Louis Trezevant Wigfall was, by nearly all accounts, an irascible sort, but one not unknown in South Carolina’s antebellum Edgefield District, which was a Wild West before there was a Wild West.
Born in Edgefield in 1816, Wigfall was born of into a planter family and attended South Carolina College and the University of Virginia, but breeding and education did little to mellow his countenance.
He was ardent proponent of the institution of slavery, and as a young man “he neglected his law practice for contentious politics that led him to wound a man in a duel (and be wounded himself) and to kill another during a quarrel,” according to the Texas State Historical Association.

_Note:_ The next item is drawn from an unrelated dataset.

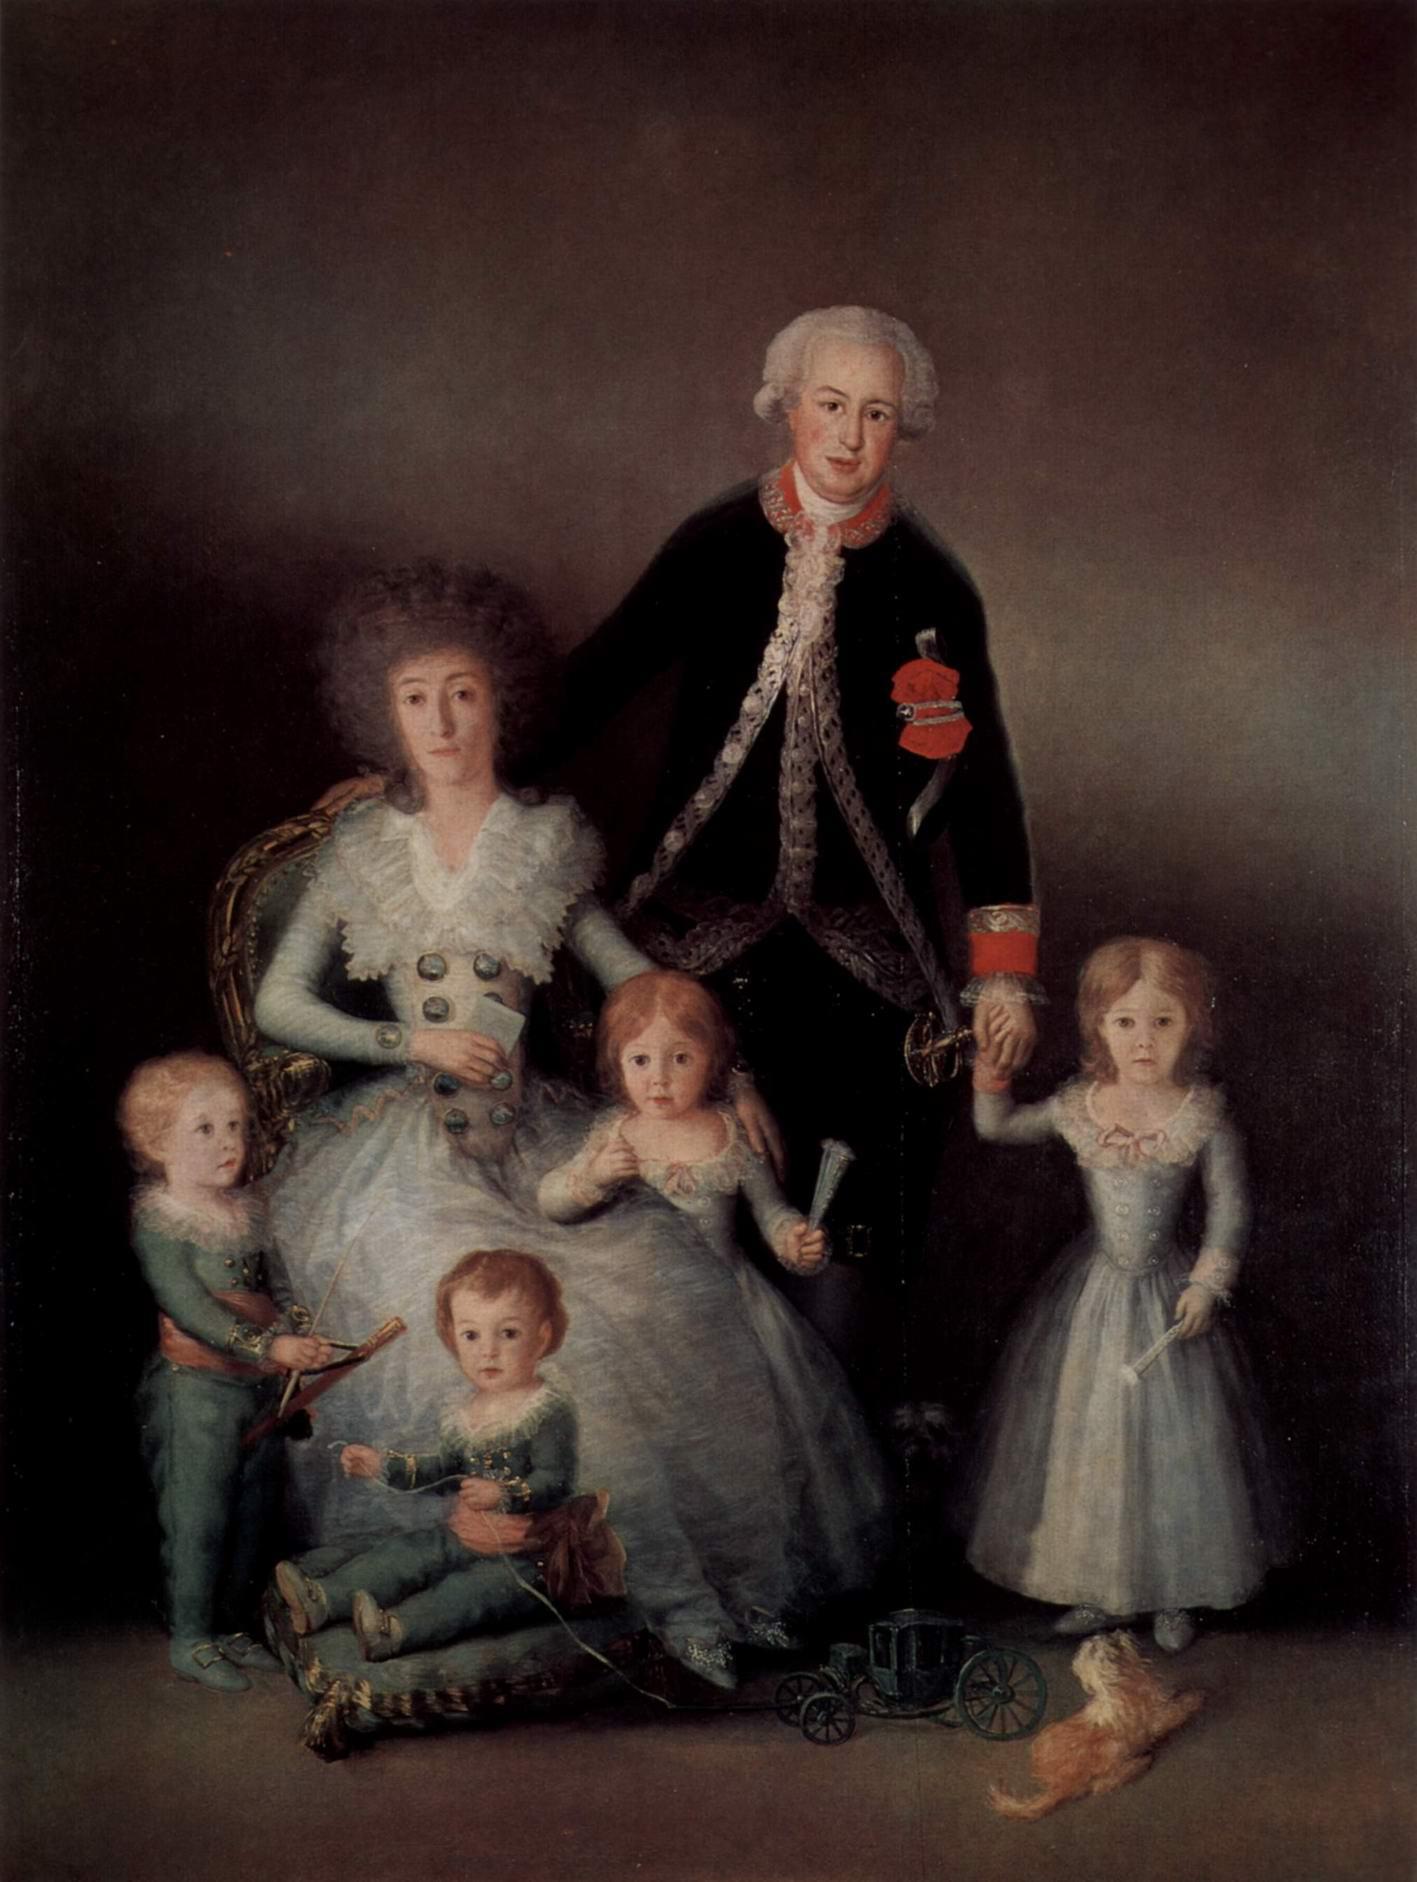 Семейство герцога Осунского, Франсиско де Гойя-и-Лусьентес
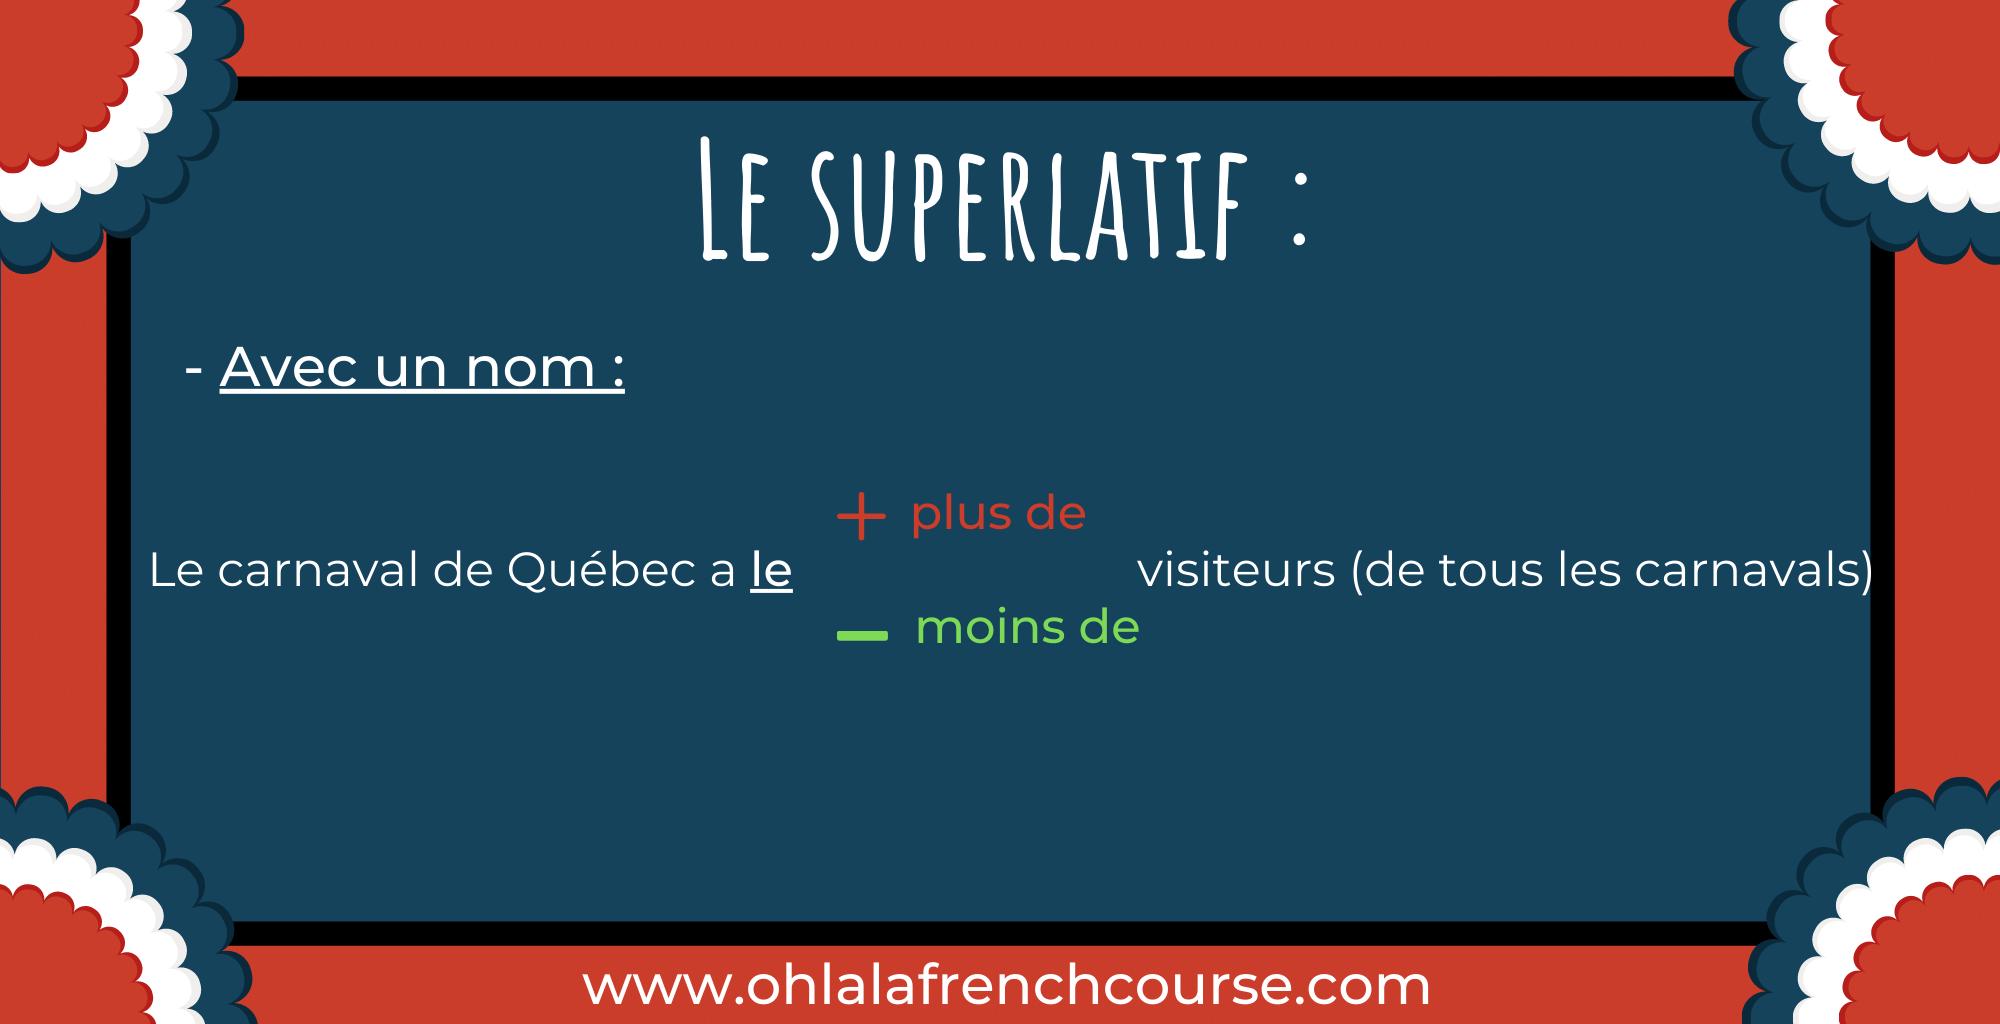 Le superlatif - Lesuperlatif avec un nom :

Perhaps having worn out his welcome in the Palmetto State, Wigfall moved to Texas in 1846, almost instantly becoming active in Lone Star State politics, including “alerting” Texans to the dangers of abolition and the growing influence of non-slave states in the US Congress.
After several years in the Texas state legislature, Wigfall capitalized on the fear caused throughout the South by John Brown’s raid on Harper’s Ferry in 1859 and was elected to the US Senate that year.
He quickly gained a reputation as a leader among the “fire-eaters” – leading secessionists – taking his advocacy for slavery and against expanding the power of national government to the national stage.
Following Lincoln’s election to the presidency in 1860, Wigfall coauthored the “Southern Manifesto,” which stated that the Union was irretrievably broken and that the only hope for the South was independence.
“Wigfall helped foil efforts for compromise to save the Union and urged all slave states to secede,” according to the Texas State Historical Association.
He appears to have lacked the chivalric manners evident in other key Southern figures of the era, remaining in the US Senate after Texas seceded, spying on the Union, chiding northern senators, and raising and training troops in Maryland to send to South Carolina. Even while serving as a US senator, he took part in the Confederate bombardment of Fort Sumter by rowing out under fire and dictating unauthorized surrender terms to federal commander Robert Anderson.
He was finally expelled from the Senate in mid-1861. Later that year he became a Confederate officer and promoted to brigadier general before resigning from the army to take a seat in the Confederate Senate in 1862.
Initially, Wigfall supported Confederate President Jefferson Davis, but, perhaps not surprisingly, he quarreled with Davis before long.
During the last two years of the Confederacy Wigfall carried on public and private efforts to strip Davis of all influence.
He also blocked the creation of a Confederate Supreme Court, fearing Davis’ justices would interfere with states’ rights, according to the National Park Service.
Far from being a pragmatist, he opposed the arming of slaves and was willing to lose the war rather than admit that blacks were worthy of being soldiers.
Among his post-war activities was spending time in the United Kingdom, “where he tried to foment war between Britain and the United States, hoping to give the South an opportunity to rise again.”
As the small clipping from the Sept. 20, 1866, edition of Columbia Daily Phoenix makes clear, he had lost most, if not all of the stature may have once possessed.
Beneath an extract of a speech by Gen. William S. Hillyer about Gen. Ulysses S. Grant and next to a copy of a letter by Emperor Napoleon III of France to King Victor Emanuel of Italy is a tiny blurb that reads, “Ex-Senator Wigfall is in London, looking seedy.”
Wigfall, who returned to US in 1872, returned to Texas in 1874 and died in Galveston on Feb. 18, 1874.